The provider is entitles to caution customers in the event of a violation of the rules of conduct specified in § 6 and to permanently exclude customers from using the services after repeated violations. The legitimate interests of the data subjects are taken into account, in particular the question of whether the customer is at fault for the infringement.

Insofar as the customer is excluded from using the services, the customer is prohibited from signing up again or using the services, independent of the name used.

The possibility of criminal prosecution for legal violations remains unaffected by this. Within the scope of the legal provisions, the provider is required to provide the necessary information to the competent authorities for the purpose of criminal prosecution.

Data Privacy

The provider treats the customer's personal data confidentially and in accordance with the statutory data protection regulations (GDPR). Customer data is not passed on to third parties without the customer's consent or to the extent that this is necessary for the provision of the service or for the fulfillment of legal obligations.

The provider is not responsible in terms of data privacy if the customer uses the services provided by the provider for processing personal data of third parties. The provider processes the personal data of third parties as a comissioned processor according to Art. 28 GDPR if a contract for the purpose of commissioned processing between the customer and the provider is concluded.

Right of withdrawal for Private Customers

Customers have the right to withdraw from this contract within fourteen days without giving reasons.

The withdrawal period is fourteen days from the day on which the contract was concluded.

In order to exercise the right of withdrawal, the provider must be informed by means of a clear statement (e.g. a letter sent by post, an e-mail) of the customer's decision to withdraw from this contract.

To maintain the withdrawal period, it is sufficient to send the notification of the exercise of the right of withdrawal before the expiry of the withdrawal period.

Consequences of withdrawal

If the customer withdraws from this contract, the provider shall reimburse all payments received from the customer, including delivery costs (with the exception of additional costs resulting from the fact that the customer has chosen a different type of delivery than the cheapest standard delivery offered by the provider), immediately and at the latest within fourteen days from the day on which the provider received the notification of the customer's withdrawal from this contract.

For this repayment, the provider will use the same means of payment that the customer used for the original transaction, unless expressly agreed otherwise with the customer; in no case will the customer be charged for this repayment.

Choice of law

For all contracts concluded with the provider based on these terms and conditions and for all disputes arising from these contracts, German law shall apply exclusively, excluding the UN Convention on Contracts for the International Sale of Goods (CISG) insofar as this choice of law does not result in a customer being deprived of the mandatory consumer protection standards of its home country.

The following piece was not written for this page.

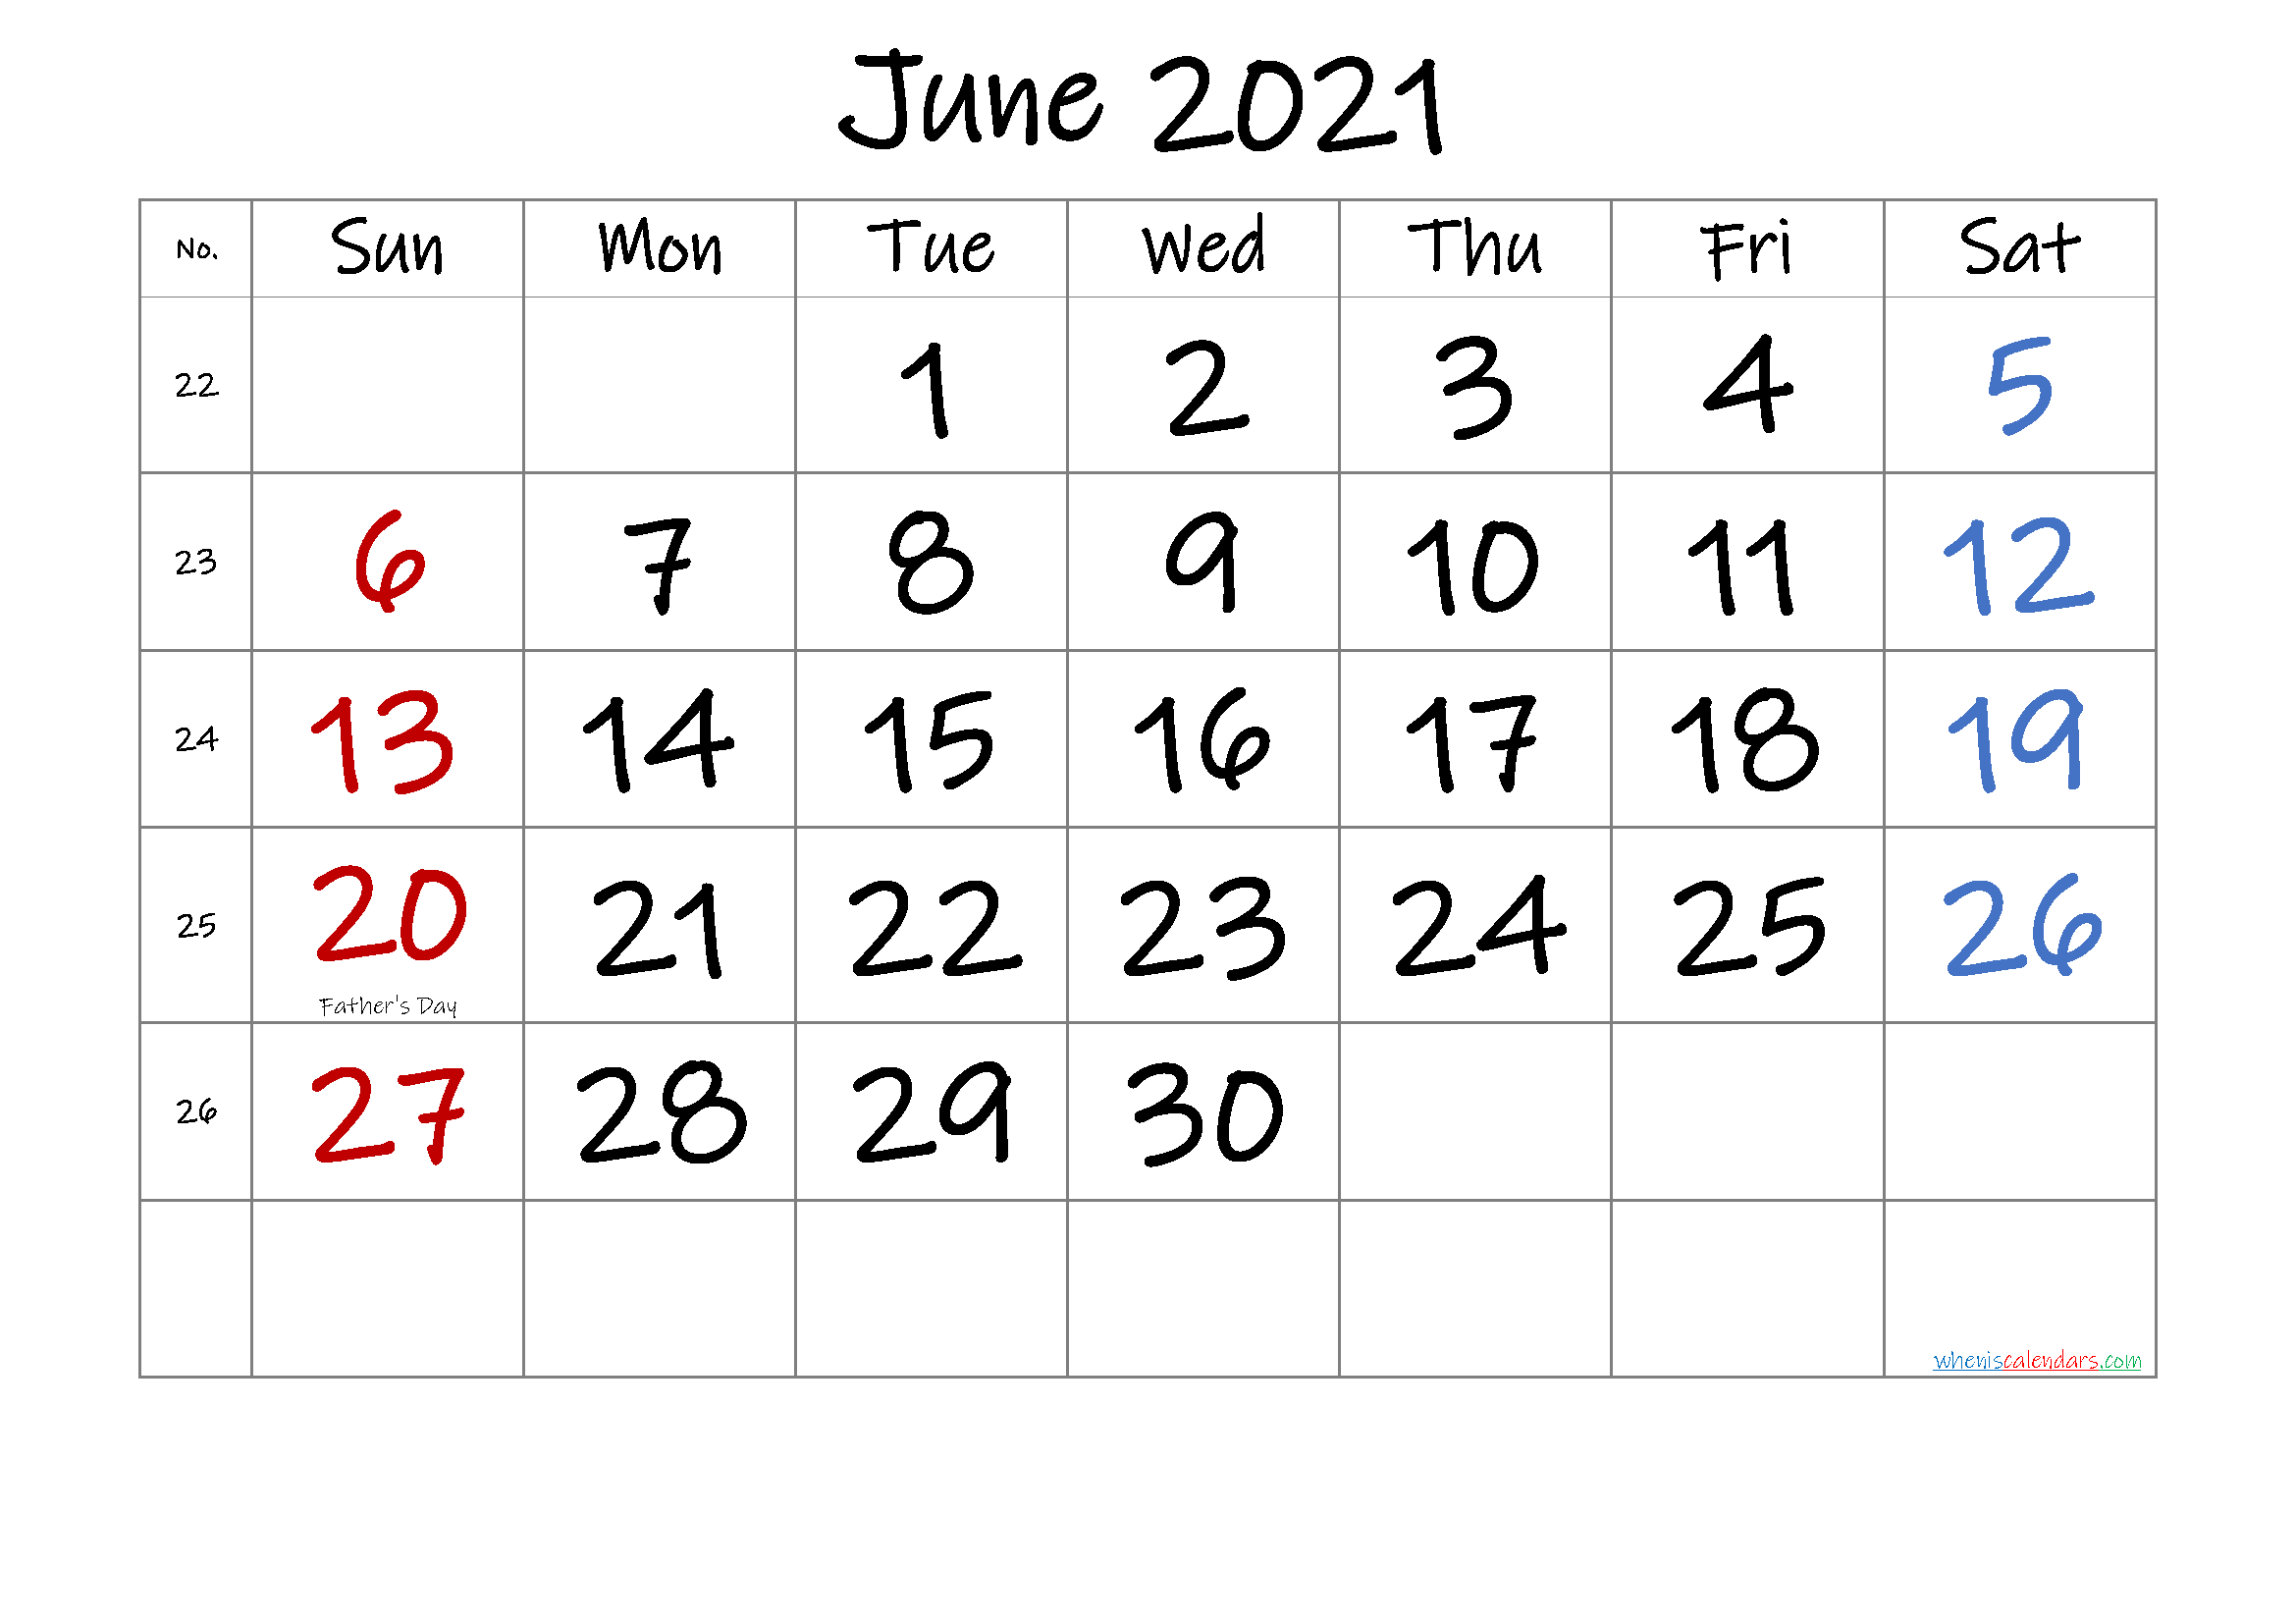 JUNE 2021 Printable Calendar with Holidays

The exclusive place of jurisdiction for all disputes arising from this contract with merchants, legal entities under public law or special funds under public law is the registered office of the provider in Potsdam.

The provider is entitled to change these terms and conditions in whole or in part at any time without giving reasons. The changed contractual conditions will be sent to the customer in writing, highlighting the changes. The customer can object to the changes within three weeks of receipt of the notification. The provider will inform the customer of the legal consequences of the objection separately at the beginning of the time period.

Final provisions

Should individual provisions of these terms and conditions be or become invalid, the validity of the remaining provisions shall remain unaffected. The invalid provision shall be replaced by a valid provision that comes as close as possible to the economic purpose of the invalid provision.